Any tips or explanations regarding the following would be helpful
patching file includes/bootstrap.inc
Hunk #1 FAILED at 1.
Hunk #3 FAILED at 723.
2 out of 7 hunks FAILED -- saving rejects to file includes/bootstrap.inc.rej
patching file includes/common.inc
Hunk #4 FAILED at 2630.
1 out of 4 hunks FAILED -- saving rejects to file includes/common.inc.rej
Patching output below::
I will now try and go through the rejected patches and see if I can massage the changes in
Comment #33
velocis CreditAttribution: velocis commentedI manually patched the rejected code on bootstrap.inc, common.inc and .htaccess file.

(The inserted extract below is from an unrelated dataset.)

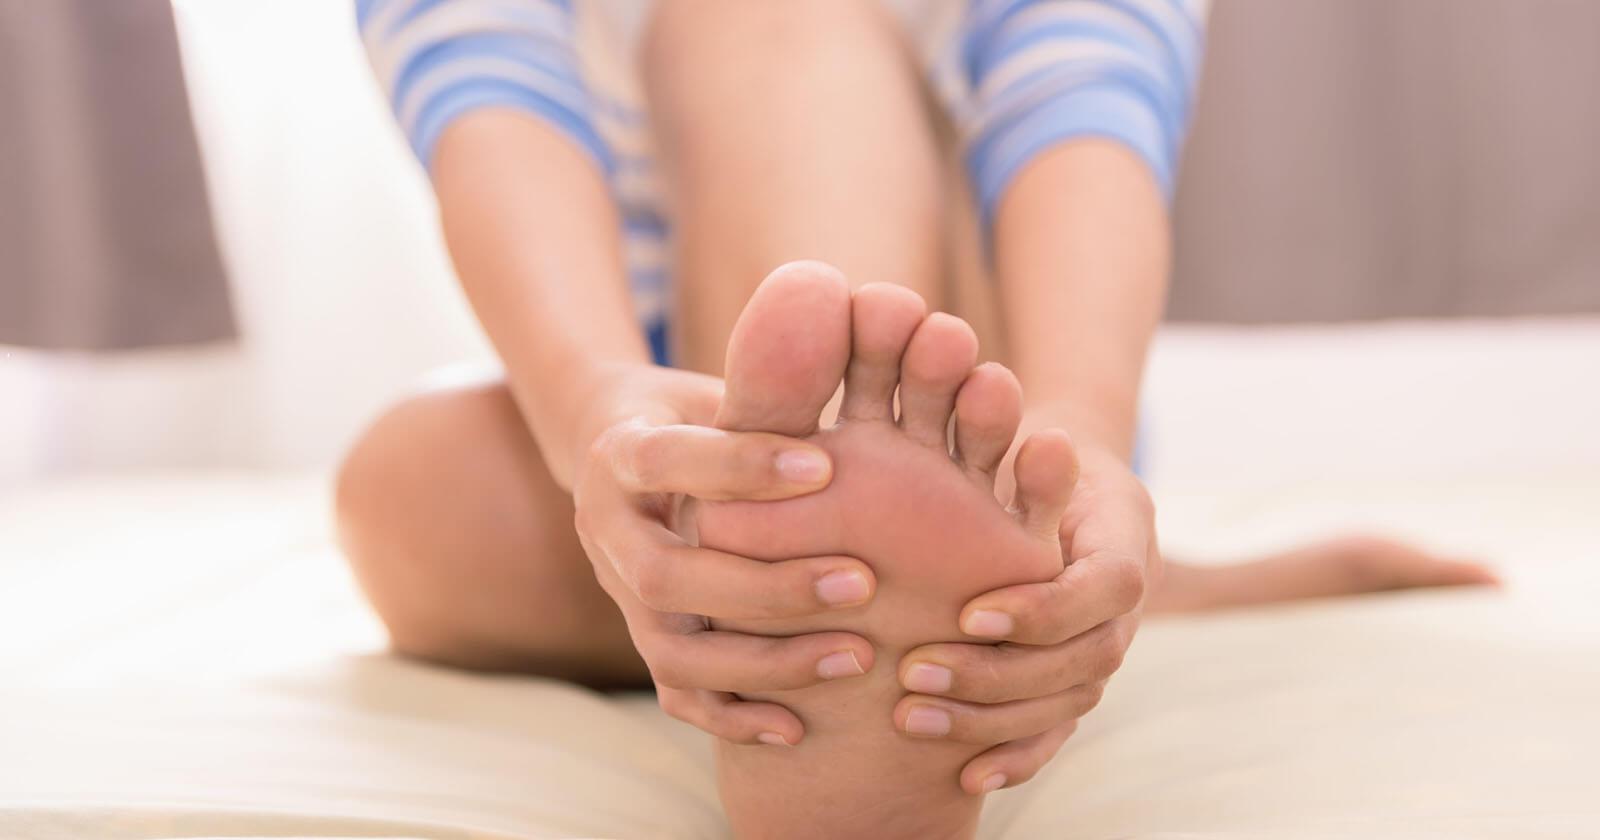 Frau fasst sich an schmerzenden Fuß wegen diabetischer Neuropathie.

The site appears to be running well now (now when you log out admin, it does not cache the devel toolbar when you re-view the page.)
I am however still getting the following errors. Any help in this final bit would be much appreciated and then I will upload the patch file for the 6.20
Comment #34
velocis CreditAttribution: velocis commentedClearing the cache fixed any of the unserialise and invalid argument issues.
The only error (NOTIVE) I have left is the following, what should CACHE_NONE equal ???
Comment #35
killes@www.drop.org CreditAttribution: killes@www.drop.org commentedPlease stop spamming the infra queue.
The patch has been applied tothe pressflow Drupal distribution, I suggest you download that.